Required work: Would you reproduce exactly the lines below from the one holding "Eine traditionelle japanische" through the one holding "PANTONE 17-1449 TCX - Pureed", inclusive, and no others?

Collection entries:
= Beginning of Section =

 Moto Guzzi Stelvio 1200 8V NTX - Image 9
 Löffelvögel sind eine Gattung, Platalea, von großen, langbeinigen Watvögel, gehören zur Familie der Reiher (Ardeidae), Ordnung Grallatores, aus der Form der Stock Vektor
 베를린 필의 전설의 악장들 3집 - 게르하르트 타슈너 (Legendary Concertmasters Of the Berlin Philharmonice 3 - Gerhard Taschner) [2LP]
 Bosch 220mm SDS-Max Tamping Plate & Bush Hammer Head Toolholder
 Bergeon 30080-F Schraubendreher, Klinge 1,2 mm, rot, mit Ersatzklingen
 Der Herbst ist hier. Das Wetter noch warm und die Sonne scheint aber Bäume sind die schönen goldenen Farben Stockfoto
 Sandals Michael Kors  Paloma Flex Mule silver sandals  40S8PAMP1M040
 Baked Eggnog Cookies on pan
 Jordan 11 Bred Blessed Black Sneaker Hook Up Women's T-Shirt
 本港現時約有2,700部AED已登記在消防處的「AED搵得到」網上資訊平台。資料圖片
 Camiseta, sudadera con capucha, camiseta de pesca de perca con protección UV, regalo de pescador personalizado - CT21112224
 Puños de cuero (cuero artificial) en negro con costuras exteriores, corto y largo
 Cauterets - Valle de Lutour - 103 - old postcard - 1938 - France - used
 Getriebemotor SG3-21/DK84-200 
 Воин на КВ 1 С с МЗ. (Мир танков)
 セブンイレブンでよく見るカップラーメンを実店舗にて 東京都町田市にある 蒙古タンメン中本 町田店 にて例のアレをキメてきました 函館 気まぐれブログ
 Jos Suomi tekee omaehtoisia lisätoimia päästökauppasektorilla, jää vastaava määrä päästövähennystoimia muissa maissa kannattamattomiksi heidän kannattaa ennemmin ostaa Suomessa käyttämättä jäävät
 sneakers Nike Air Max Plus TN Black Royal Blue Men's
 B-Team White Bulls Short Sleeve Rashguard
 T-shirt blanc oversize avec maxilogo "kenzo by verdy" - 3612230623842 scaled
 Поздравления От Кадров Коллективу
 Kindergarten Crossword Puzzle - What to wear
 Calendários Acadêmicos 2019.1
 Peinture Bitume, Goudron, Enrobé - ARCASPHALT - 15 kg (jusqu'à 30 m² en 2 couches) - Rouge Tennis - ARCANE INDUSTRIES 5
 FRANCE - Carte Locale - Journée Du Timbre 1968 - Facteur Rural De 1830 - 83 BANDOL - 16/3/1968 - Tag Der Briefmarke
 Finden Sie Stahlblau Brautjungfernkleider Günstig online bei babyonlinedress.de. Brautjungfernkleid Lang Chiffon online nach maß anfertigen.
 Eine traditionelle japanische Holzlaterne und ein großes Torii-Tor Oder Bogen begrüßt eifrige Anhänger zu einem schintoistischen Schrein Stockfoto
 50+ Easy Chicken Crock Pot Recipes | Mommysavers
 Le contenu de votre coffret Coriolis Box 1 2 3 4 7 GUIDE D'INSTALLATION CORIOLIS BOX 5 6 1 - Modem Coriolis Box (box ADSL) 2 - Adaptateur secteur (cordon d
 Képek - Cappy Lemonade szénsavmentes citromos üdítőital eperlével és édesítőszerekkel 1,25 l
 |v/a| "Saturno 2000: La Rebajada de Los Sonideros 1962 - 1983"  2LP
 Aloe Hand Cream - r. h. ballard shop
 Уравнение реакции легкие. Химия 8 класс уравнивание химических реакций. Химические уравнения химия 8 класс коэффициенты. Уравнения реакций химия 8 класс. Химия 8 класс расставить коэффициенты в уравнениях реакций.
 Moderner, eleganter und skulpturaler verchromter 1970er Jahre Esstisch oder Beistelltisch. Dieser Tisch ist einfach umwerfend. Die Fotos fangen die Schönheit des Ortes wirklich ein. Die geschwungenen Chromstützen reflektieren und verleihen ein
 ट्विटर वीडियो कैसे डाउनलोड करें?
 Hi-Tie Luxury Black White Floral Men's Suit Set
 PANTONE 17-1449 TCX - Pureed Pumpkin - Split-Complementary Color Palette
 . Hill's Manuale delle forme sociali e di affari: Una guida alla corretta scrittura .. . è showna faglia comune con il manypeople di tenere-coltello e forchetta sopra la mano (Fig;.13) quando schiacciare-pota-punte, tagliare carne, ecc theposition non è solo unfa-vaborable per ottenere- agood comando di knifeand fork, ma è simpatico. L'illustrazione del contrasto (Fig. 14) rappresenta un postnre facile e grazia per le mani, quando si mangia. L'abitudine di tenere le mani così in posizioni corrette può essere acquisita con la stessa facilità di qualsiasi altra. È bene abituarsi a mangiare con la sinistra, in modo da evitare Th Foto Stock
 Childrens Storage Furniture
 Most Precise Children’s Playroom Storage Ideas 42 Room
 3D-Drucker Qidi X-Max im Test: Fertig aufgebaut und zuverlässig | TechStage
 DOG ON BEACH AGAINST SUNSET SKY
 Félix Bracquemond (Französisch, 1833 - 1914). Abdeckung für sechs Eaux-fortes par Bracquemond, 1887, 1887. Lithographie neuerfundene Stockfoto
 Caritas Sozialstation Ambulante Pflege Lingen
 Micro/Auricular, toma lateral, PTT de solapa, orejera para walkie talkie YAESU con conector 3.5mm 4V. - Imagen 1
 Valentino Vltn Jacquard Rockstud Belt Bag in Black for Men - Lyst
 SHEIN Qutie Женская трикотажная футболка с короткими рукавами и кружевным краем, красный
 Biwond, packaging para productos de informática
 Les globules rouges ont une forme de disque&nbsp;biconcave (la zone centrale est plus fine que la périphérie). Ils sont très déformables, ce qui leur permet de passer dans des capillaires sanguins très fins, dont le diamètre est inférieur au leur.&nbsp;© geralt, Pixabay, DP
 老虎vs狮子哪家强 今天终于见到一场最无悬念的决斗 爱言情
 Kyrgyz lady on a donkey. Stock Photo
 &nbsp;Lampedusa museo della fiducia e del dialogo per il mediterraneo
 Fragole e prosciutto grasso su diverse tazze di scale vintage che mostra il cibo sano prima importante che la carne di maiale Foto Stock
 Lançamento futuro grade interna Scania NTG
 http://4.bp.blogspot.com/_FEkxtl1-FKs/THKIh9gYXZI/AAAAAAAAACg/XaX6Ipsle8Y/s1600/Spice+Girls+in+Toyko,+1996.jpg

= End of Section =

Expected answer:
 Eine traditionelle japanische Holzlaterne und ein großes Torii-Tor Oder Bogen begrüßt eifrige Anhänger zu einem schintoistischen Schrein Stockfoto
 50+ Easy Chicken Crock Pot Recipes | Mommysavers
 Le contenu de votre coffret Coriolis Box 1 2 3 4 7 GUIDE D'INSTALLATION CORIOLIS BOX 5 6 1 - Modem Coriolis Box (box ADSL) 2 - Adaptateur secteur (cordon d
 Képek - Cappy Lemonade szénsavmentes citromos üdítőital eperlével és édesítőszerekkel 1,25 l
 |v/a| "Saturno 2000: La Rebajada de Los Sonideros 1962 - 1983"  2LP
 Aloe Hand Cream - r. h. ballard shop
 Уравнение реакции легкие. Химия 8 класс уравнивание химических реакций. Химические уравнения химия 8 класс коэффициенты. Уравнения реакций химия 8 класс. Химия 8 класс расставить коэффициенты в уравнениях реакций.
 Moderner, eleganter und skulpturaler verchromter 1970er Jahre Esstisch oder Beistelltisch. Dieser Tisch ist einfach umwerfend. Die Fotos fangen die Schönheit des Ortes wirklich ein. Die geschwungenen Chromstützen reflektieren und verleihen ein
 ट्विटर वीडियो कैसे डाउनलोड करें?
 Hi-Tie Luxury Black White Floral Men's Suit Set
 PANTONE 17-1449 TCX - Pureed Pumpkin - Split-Complementary Color Palette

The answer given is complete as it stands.